For the ideal system, the relaxation time depends linearly on the logarithm of the scaled initial conditions, while for the non-ideal system, a similar dependence becomes non-linear. The bigger the non-ideality coefficients, the stronger is the apparent non-linearity.

Example 3.

Rapid test. The evolution of the two-time-ratio is shown in Table 1.

In the table, each of the two-time ratios t*_int/t*_swap represents a rapid, single-point test that can be used for identifying non-ideality. The more the experimental ‘swap’ value t*_int/t*_swap deviates from the ideal value of 2.0, the more likely it is that the system is non-ideal.

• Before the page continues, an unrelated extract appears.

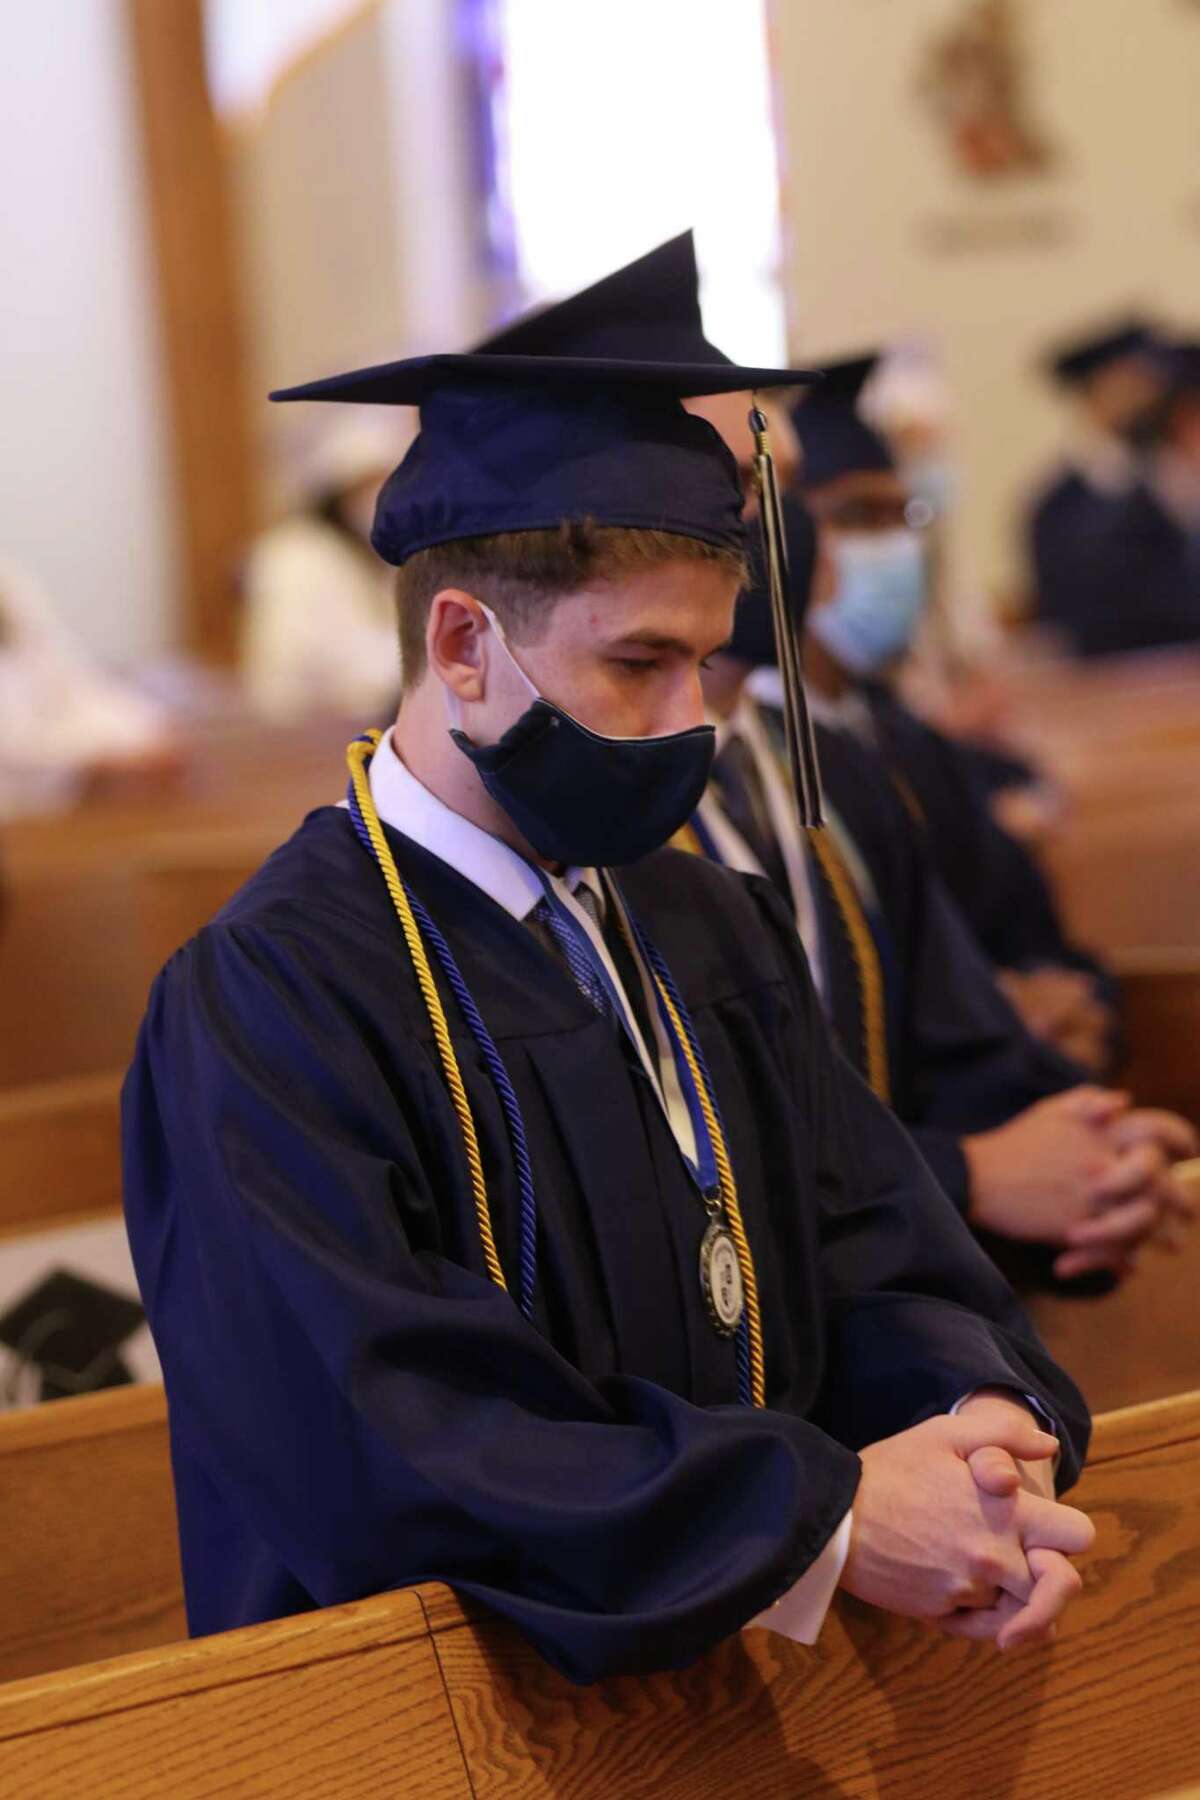 Tristan DiNatale, of Sherman, praying at the IHS Commencement Liturgy on Saturday, June 13 at St Rose of Lima Church in Newtown.

As can be seen from these examples, for the non-ideal system, the two-time ratio, i.e., the ratio of the intersection time to the ‘swap’ time, differs from the same ratio for the ideal system. Such a difference can be used as a fingerprint for distinguishing these systems. As mentioned, in all cases, the equilibrium concentrations for the ideal and corresponding non-ideal system are identical. We emphasize that, for approximating the real conditions, corrections for the non-ideality were taken to be moderate, i.e., about 20%.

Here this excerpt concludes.